Australian politician (1878–1968)

William Herbert Green (11 October 1878 – 18 March 1968) was a member of the Queensland Legislative Assembly in Australia.

==Biography==
Green was born in Brisbane, Queensland, the son of Charles Green, ironfounder, and his wife Eliza (née Vaughan). After his father became a partner in a Mackay foundry in 1881, he was educated at Mackay State School and completed his schooling at the Way Methodist College in Adelaide. He was apprenticed in 1896 to Townsville pharmacist, Cromwell Ridgley before attending the Queensland College of Pharmacy in Brisbane in 1901. He then returned to Townsville and bought Ridgley's business and by 1914 owned four chemists. By 1920 W. H. Green Ltd owned eight chemists across Northern Queensland and eventually the company controlled sixteen pharmacies but the Pharmacy Act of 1933 requiring professional managers forced the company to disband.

Later in life Green was chairman of the Equitable Probate and General Insurance Co. Ltd and the Indooroopilly Toll Bridge Co. He was also a director of the Atlas Insurance Company and Busby's Ltd. During World War I Green served for three and a half months on Thursday Island as sergeant-compounder with the Kennedy Regiment of the Citizen Forces.

On 29 October 1903 in Townsville Green married Clara Cockerill in Townsville and together had two sons and three daughters. Clara died in 1930 and three years later he married Clara's sister, Frances Gertude Cockerill (died 1939) in Brisbane. His final marriage was to Georgina Singleton on 4 October 1948 in Glasgow while on a visit to Scotland. He died in Brisbane in March 1968 and was buried in the Toowong Cemetery.

==Public career==
Green was an alderman on the Townsville City Council and became the city's mayor in 1920, holding the title for three years. He won the seat of Townsville for the Northern Country Party at the 1920 Queensland state election, defeating the sitting Labor member, Daniel Ryan. He held the seat for three years before his defeat at the 1923 Queensland state election to the Labor candidate, Maurice Hynes.

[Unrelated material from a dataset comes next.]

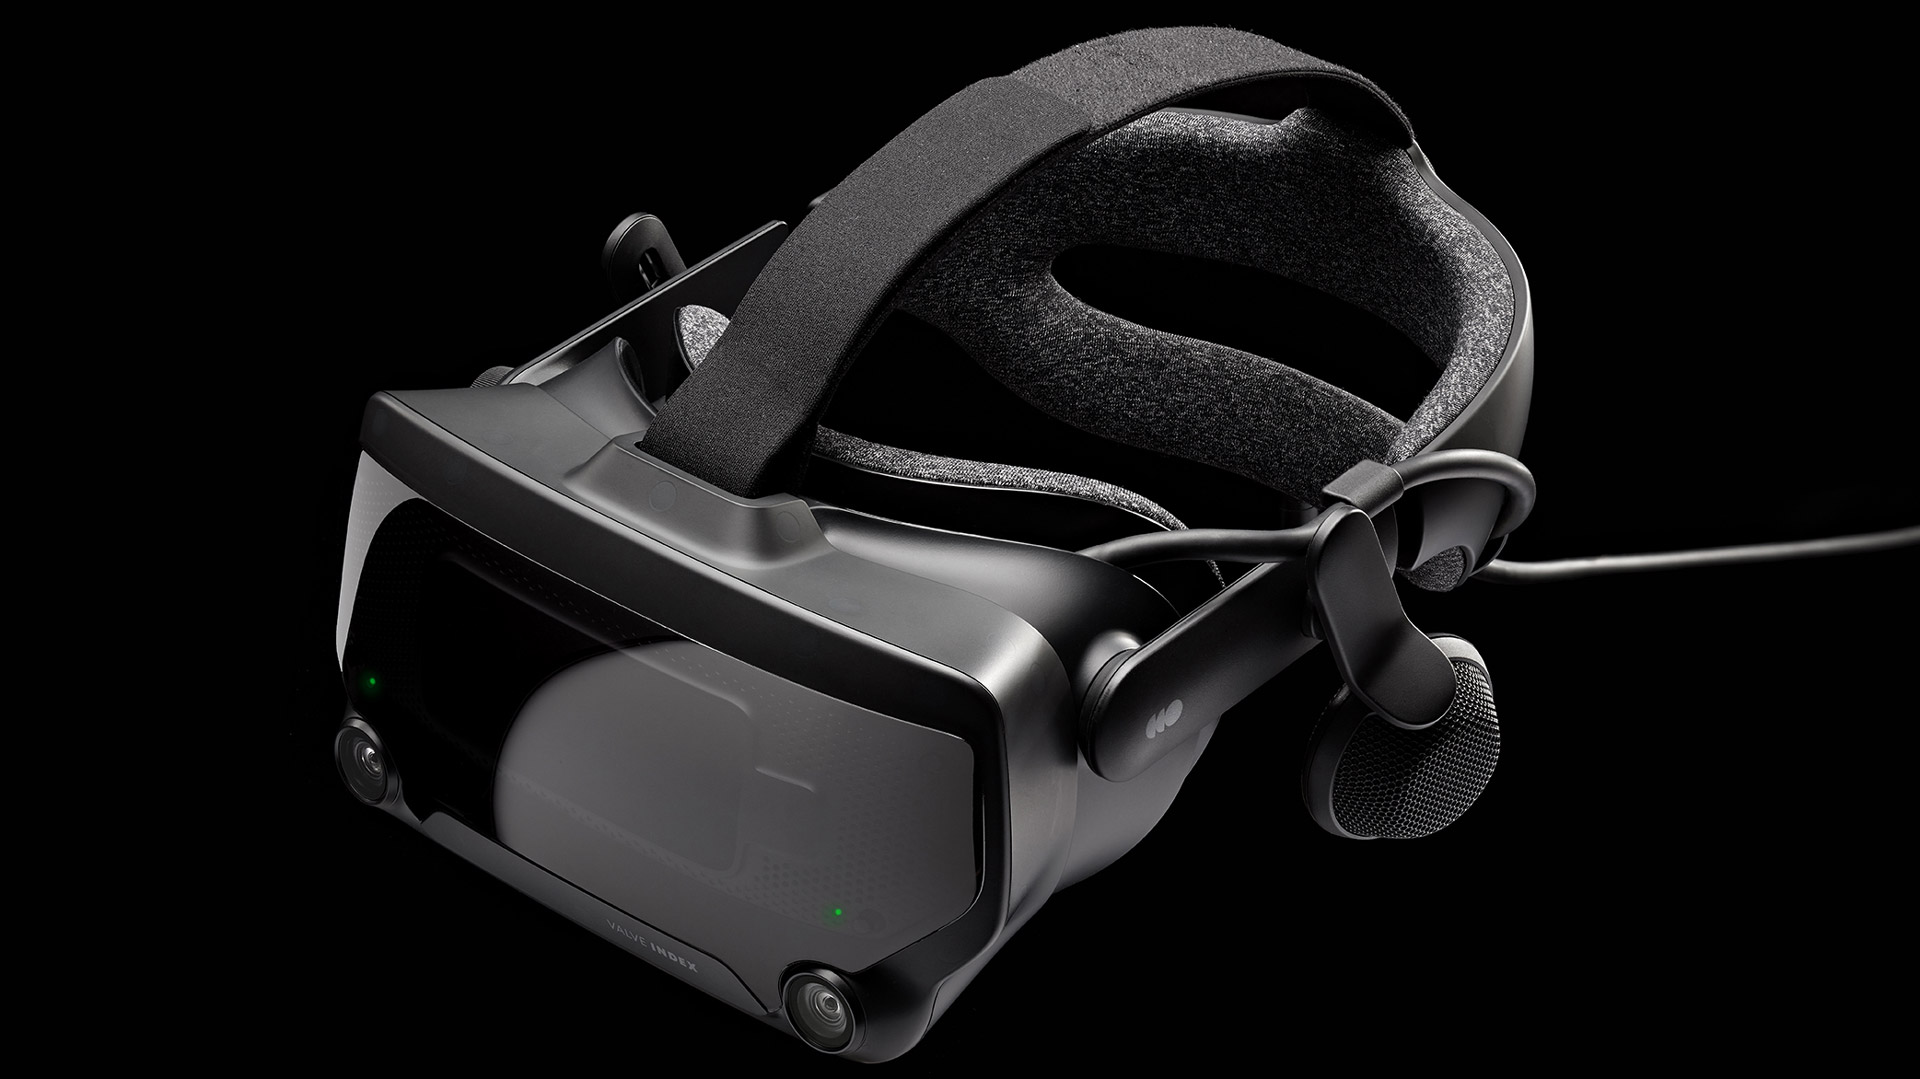 Elite Dangerous' VR Minimum Specs are Hefty

Like his father, Green was a Methodist lay-preacher for over 55 years and the superintendent of a Sunday school for thirty-five years. He was also the treasurer of the Methodist King's College at the University of Queensland for 25 years and a foundation member and president of the interdenominational Queensland Council of Churches. He was a lifelong supporter of the temperance movement. In 1940 was the treasurer of the Queensland Temperance League and in 1965 was its chairman and represented Australia at international temperance conferences.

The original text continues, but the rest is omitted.